静かな住宅地。老夫婦のインガ(エッダ・ビヨルグヴィンズドッテル)とバルドウィン(シグルズール・シーグルヨンソン)が隣家の中年夫婦エイビョルグ(セルマ・ビヨルンズドッテル)とコンラウズ(ソウルステイン・バックマン)にクレームをつけられた。庭木がポーチに影を落とすので切ってほしいというのだ。これを皮切りに2家の関係は悪化。身の回りで起こる災難は全て相手の嫌がらせに見えてくる。一方、インガ夫婦の息子アトリ(ステインソウル・フロアル・ステインソウルソン)は妻アグネス(ラウラ・ヨハナ・ヨンズドッテル)との関係が破綻しそうになり、実家に転がりこんできた。監督はハーフシュテイン・グンナル・シーグルズソン。
坊主憎けりゃ袈裟まで憎いと言うかなんというか・・・。相手のやることなすこと気に食わない!というご近所付き合いの闇が広がっていく様をブラックユーモアで描いている。

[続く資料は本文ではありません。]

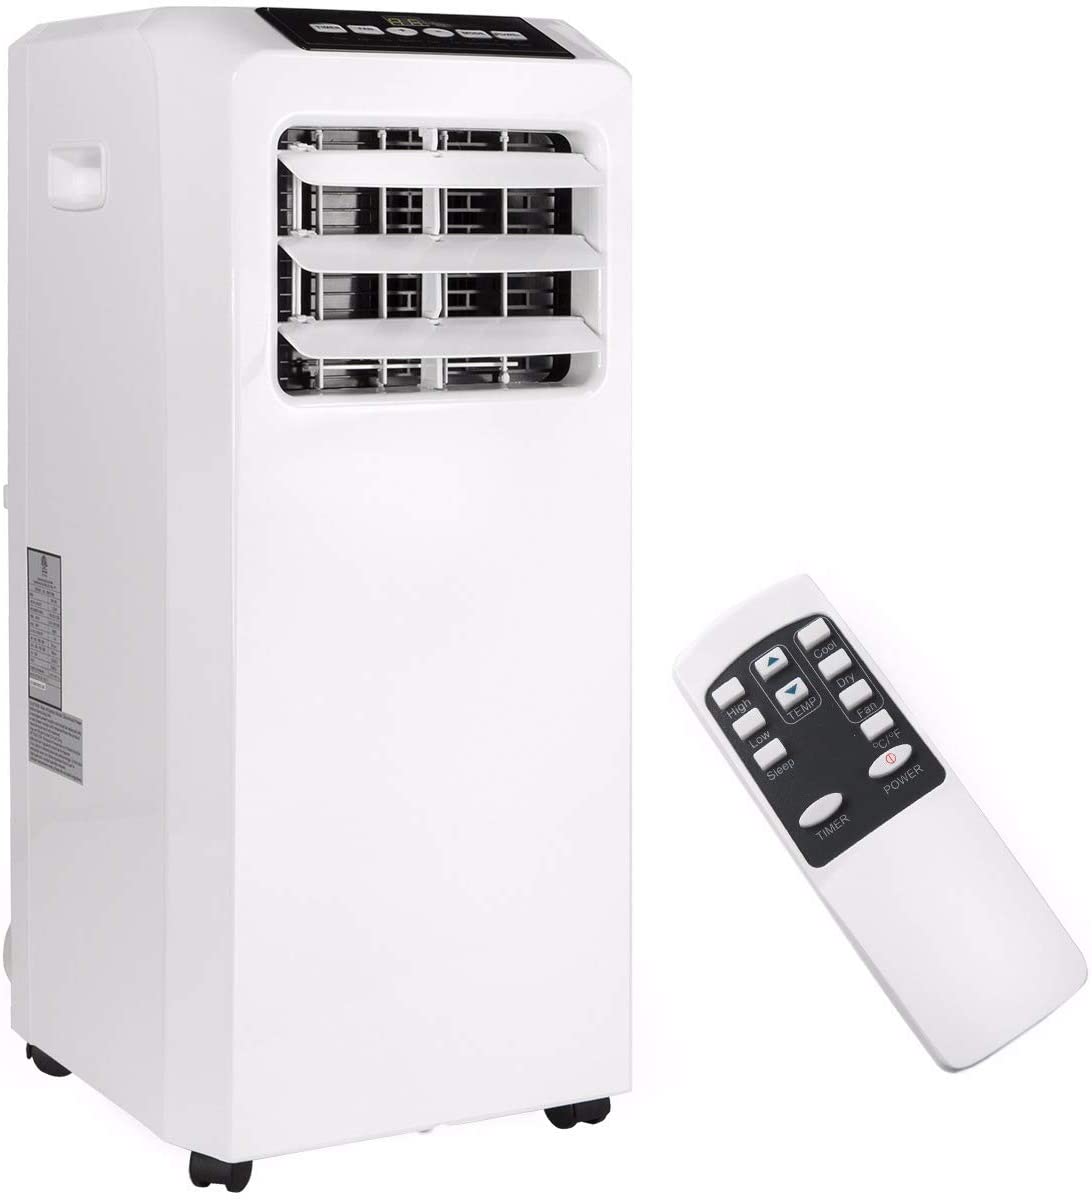 Portable Ac52 8000 BTU Ac Air Conditioner Dehumidifier Fan Unit with Remote, White
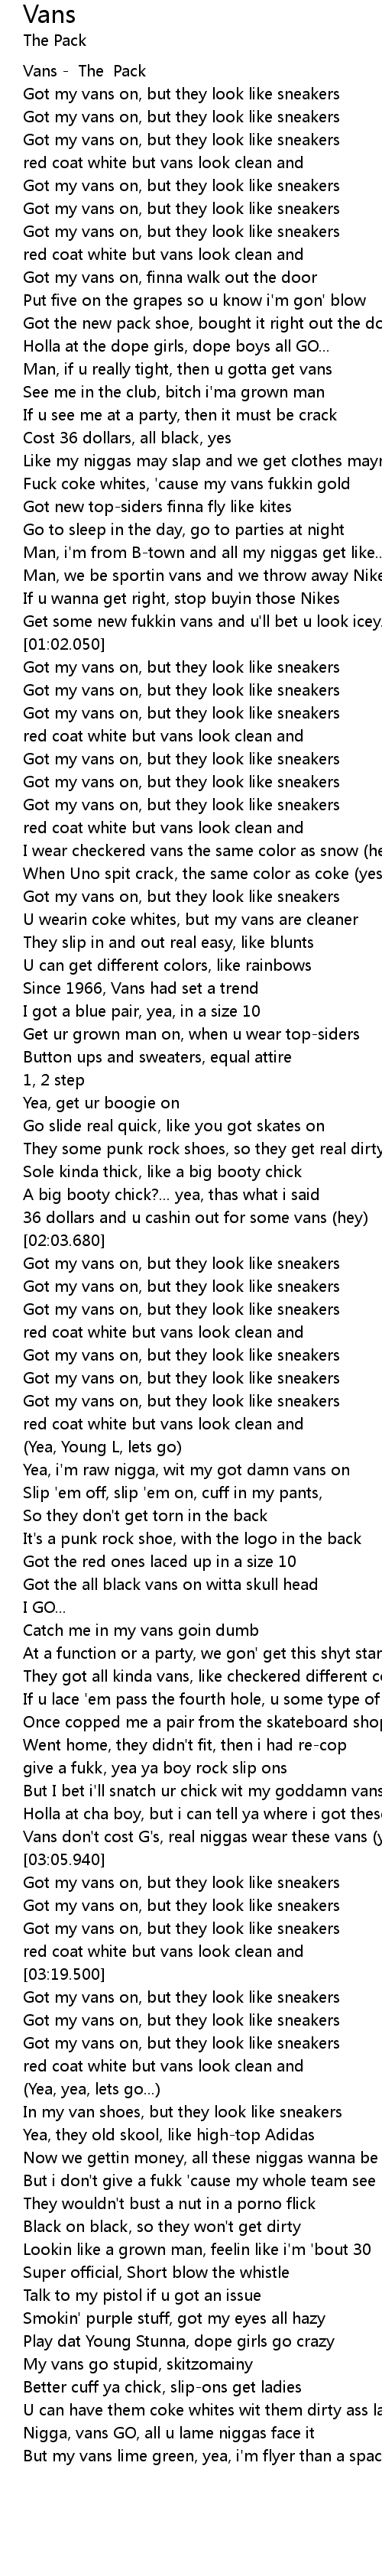 got my vans on but they look like sneakers lyrics

アイスランドの映画のユーモアってちょっと独特というか、人間の可能性にあまり期待していない感じがする。かなりシニカルだ。
2つの家庭がぶつかりあっていくが、双方の憎しみの度合いは同等のものではない。インガは少々被害妄想に走っているように見える。彼女の憎しみは大分理不尽だ。エイビョルグの妊娠を知った時の一言には、えっそっちに反応する?!そんなこと言う?!というもの。そしてコンラウズは妻の異変に気づいているが、肝心な所で逃げる。インガの変調は長男の死がきっかけらしいということが徐々にわかってくるものの、そもそも愛情のあり方にちょっと問題のある人なのでは。夫婦共にその問題、そして長男の死とちゃんと向き合ってこなかったのではと思えてくる。アトリの妻子に対する態度もかなり問題あるが、当人は自覚していない。この一家「そういう所だぞ」という部分が多すぎるのだ。隣家とのもめごとにしろ妻から愛想尽かされることにしろ、今に始まったことではなさそう。
エイビョルグとコンラウズは彼らに巻き込まれてしまったように見えてくる。2人の言動は確かに無神経だし傲慢なところもあるのだが、そこまで病的な印象ではない。何の因果で・・・。不条理劇ホラーのような作品だった。